Data shown -

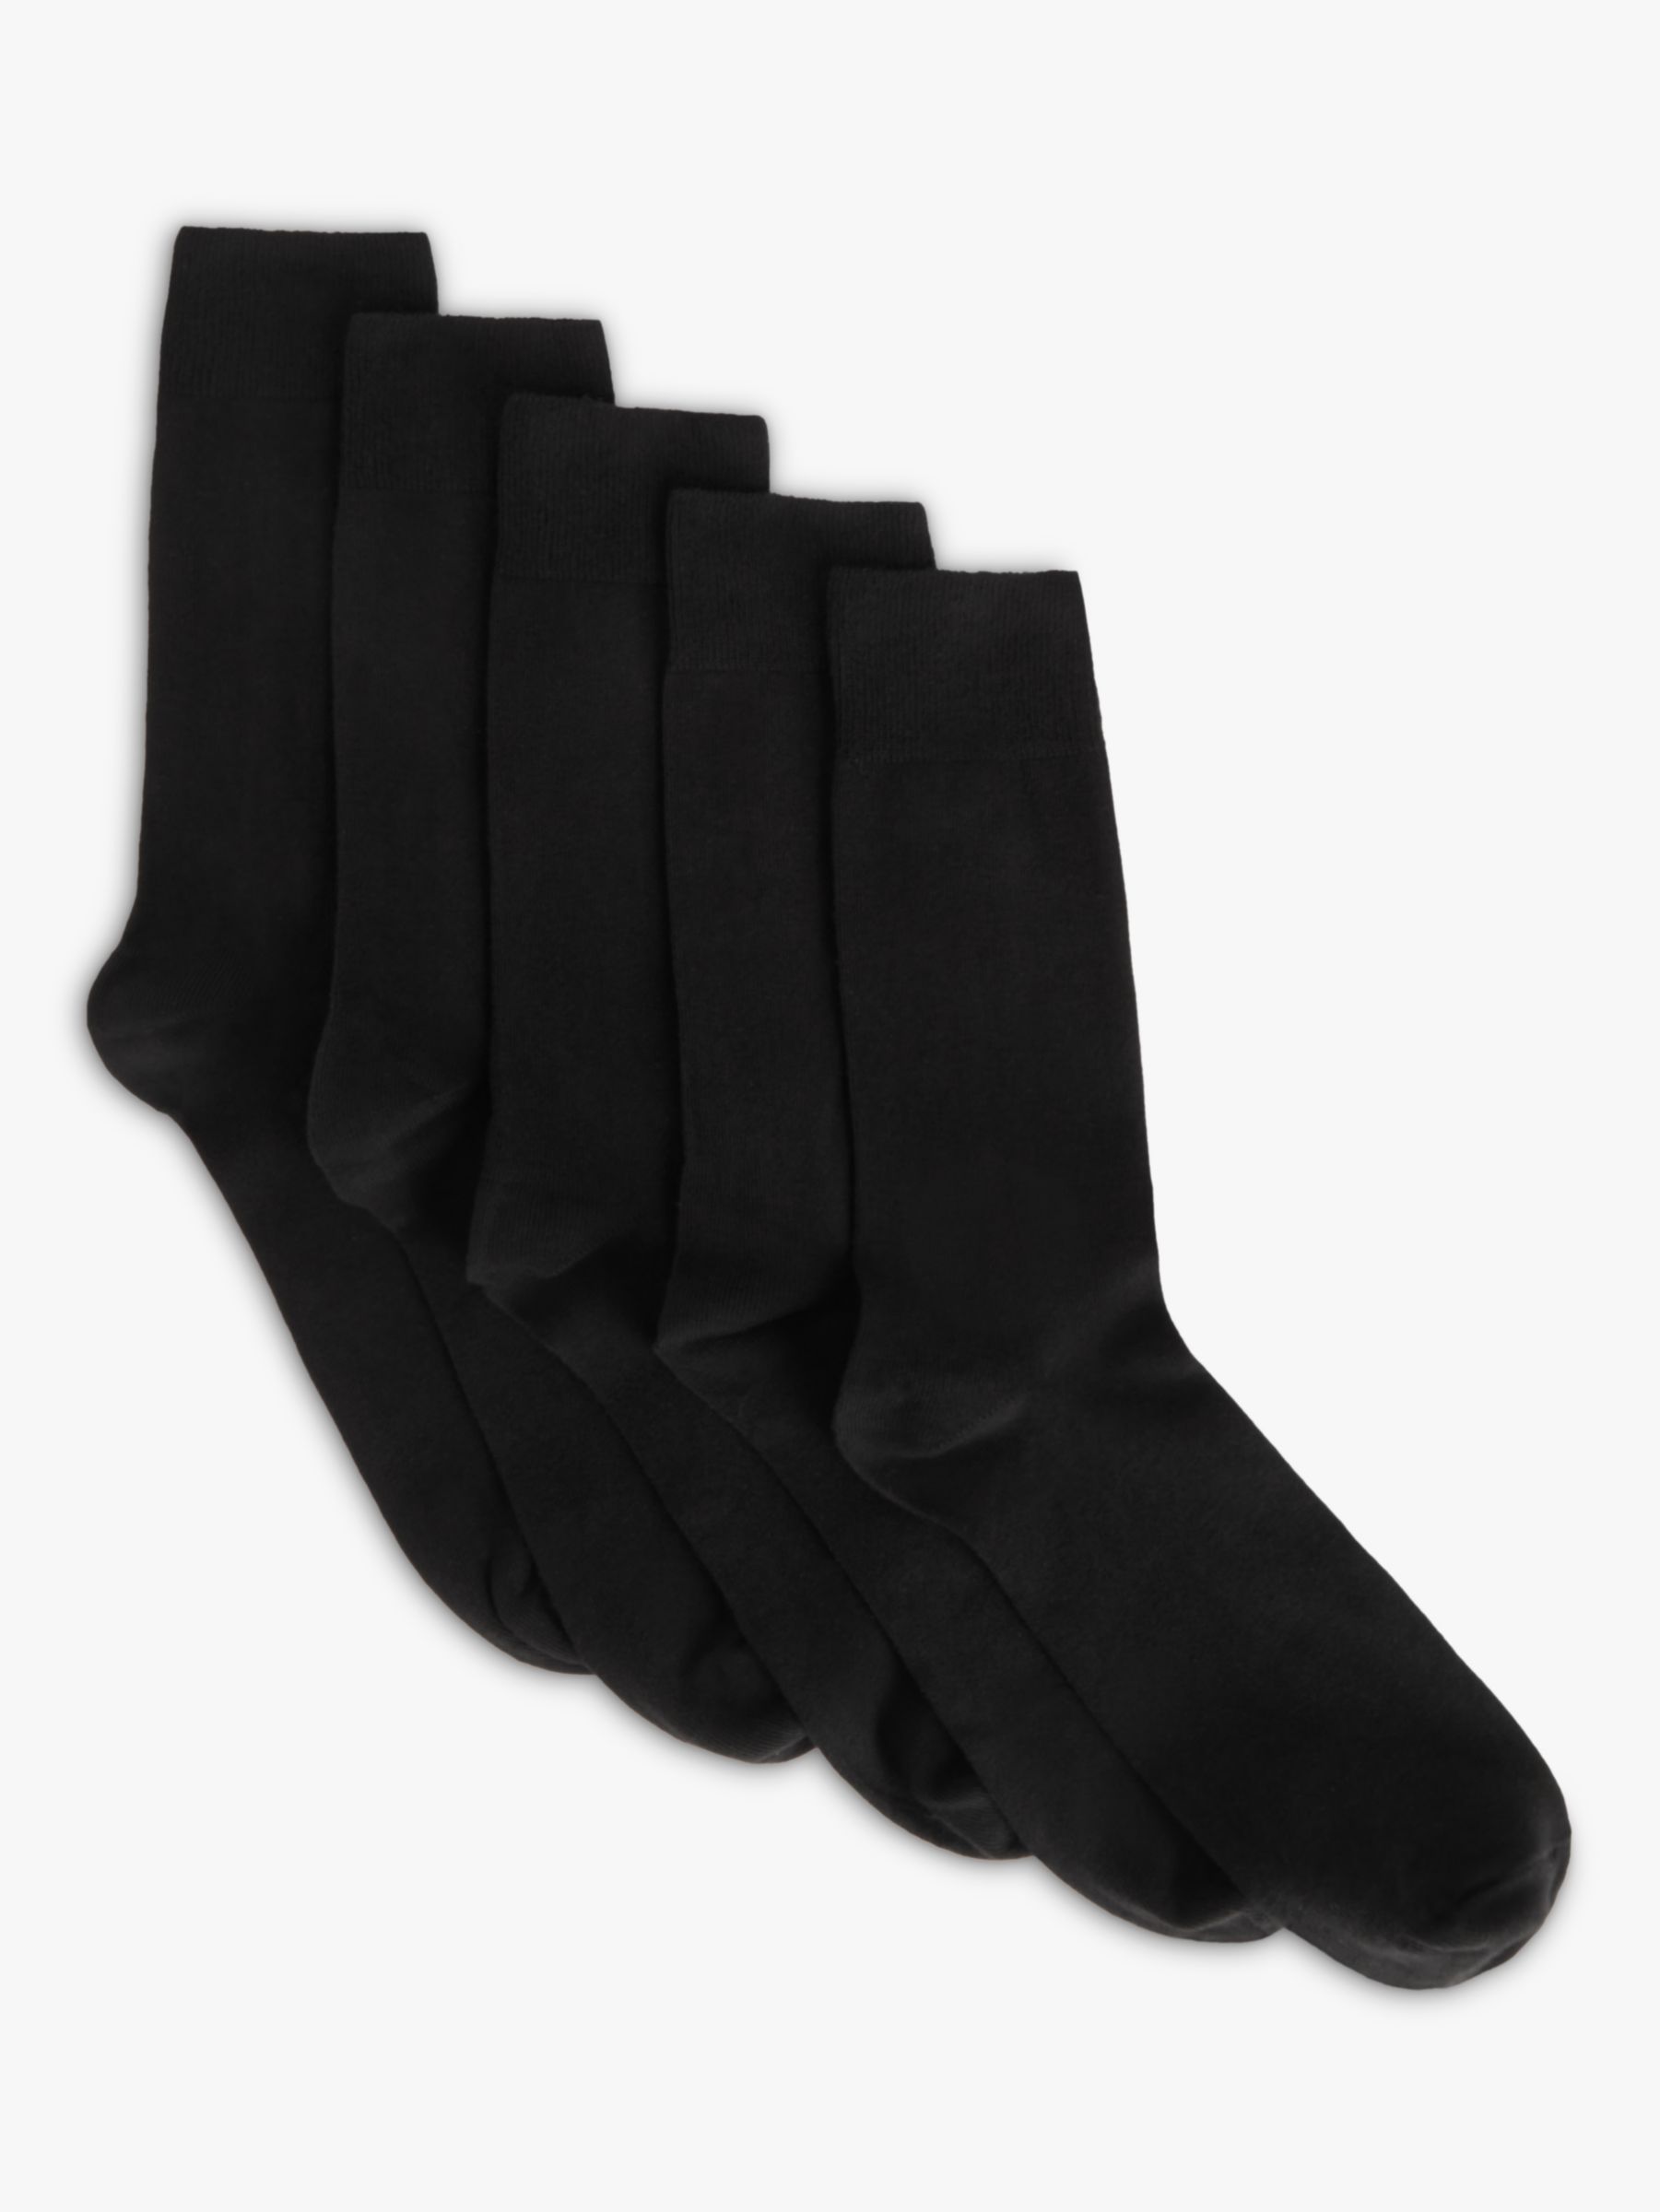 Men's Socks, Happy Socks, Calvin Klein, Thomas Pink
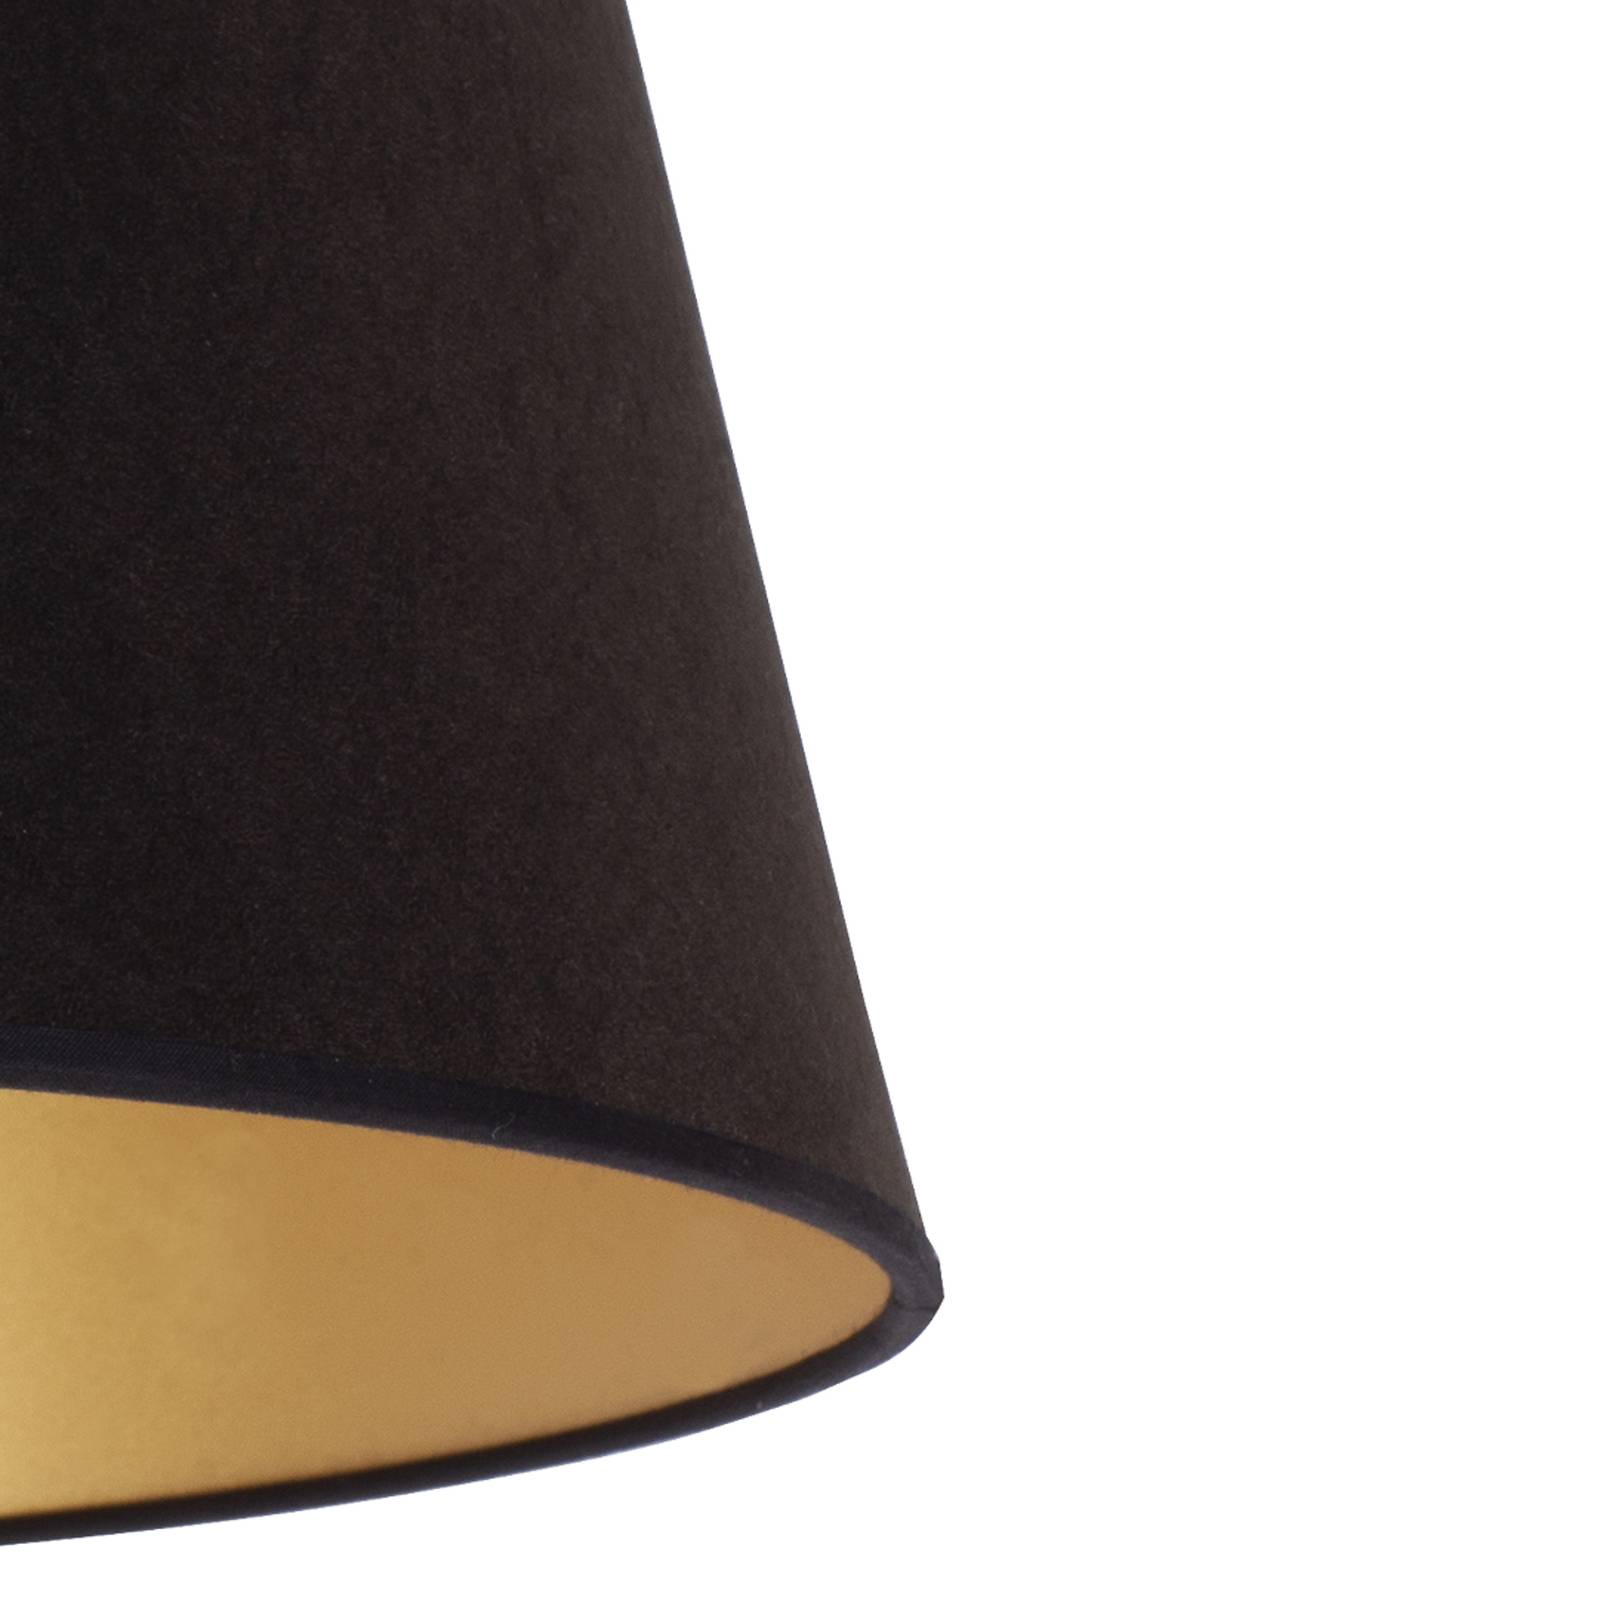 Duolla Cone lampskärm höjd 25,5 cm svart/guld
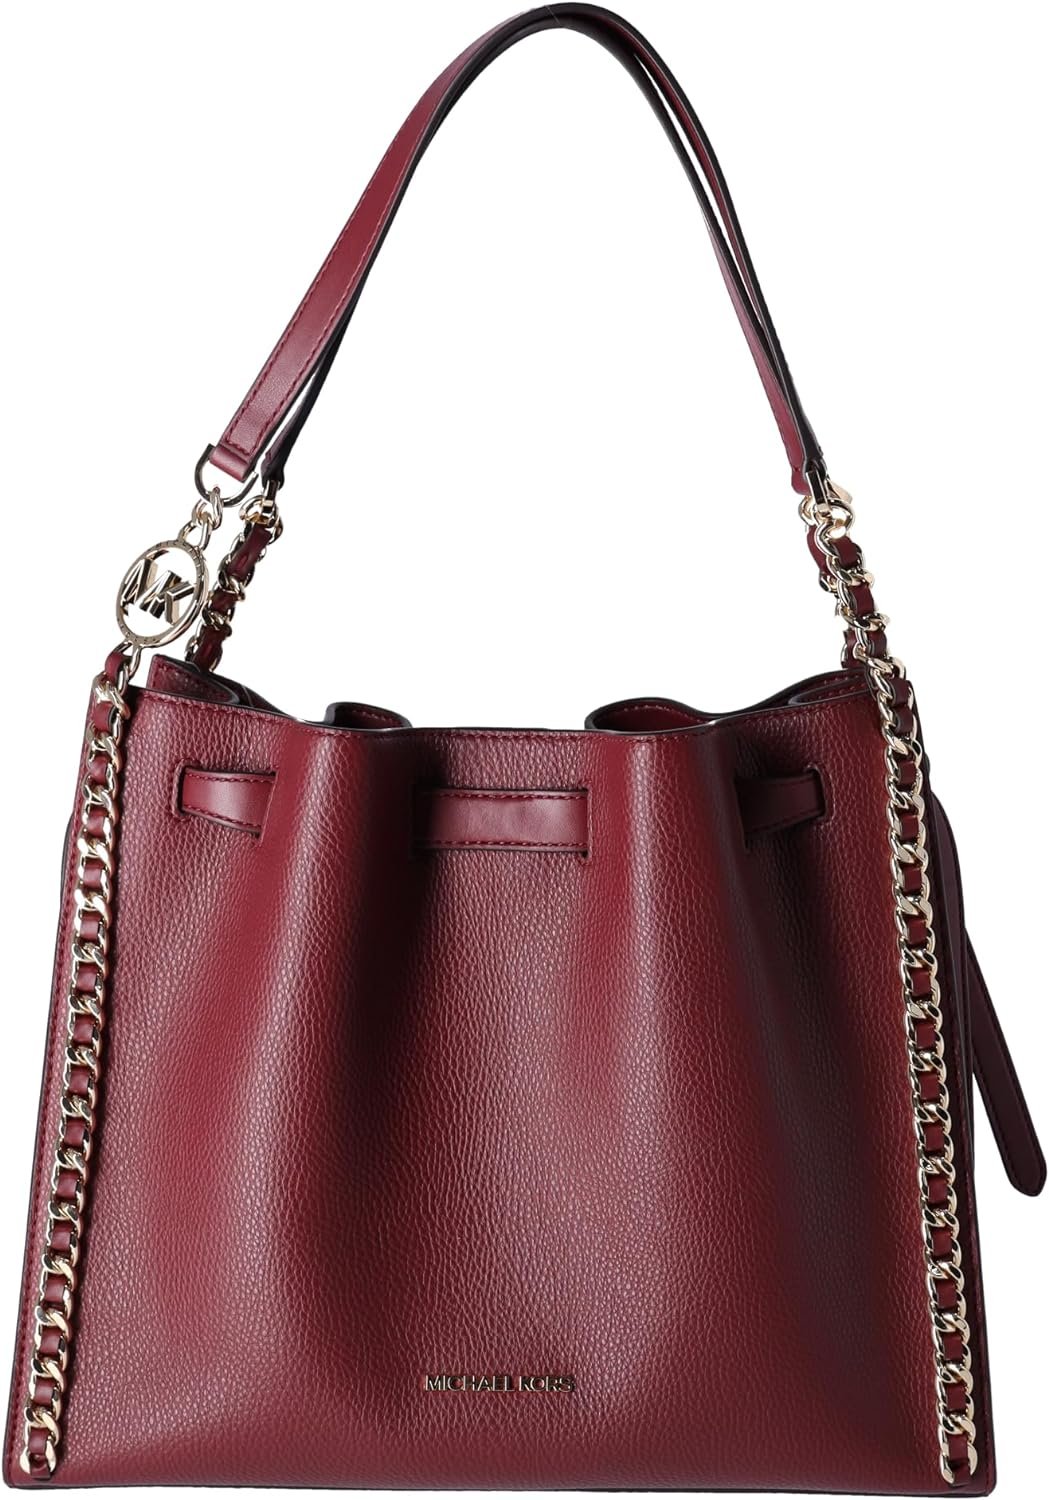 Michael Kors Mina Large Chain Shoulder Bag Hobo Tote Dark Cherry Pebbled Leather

Exercise brief - Hand back every line of the material, exactly, without the pictures.

Written response -
 Men's Socks, Happy Socks, Calvin Klein, Thomas Pink
 Duolla Cone lampskärm höjd 25,5 cm svart/guld
 Michael Kors Mina Large Chain Shoulder Bag Hobo Tote Dark Cherry Pebbled Leather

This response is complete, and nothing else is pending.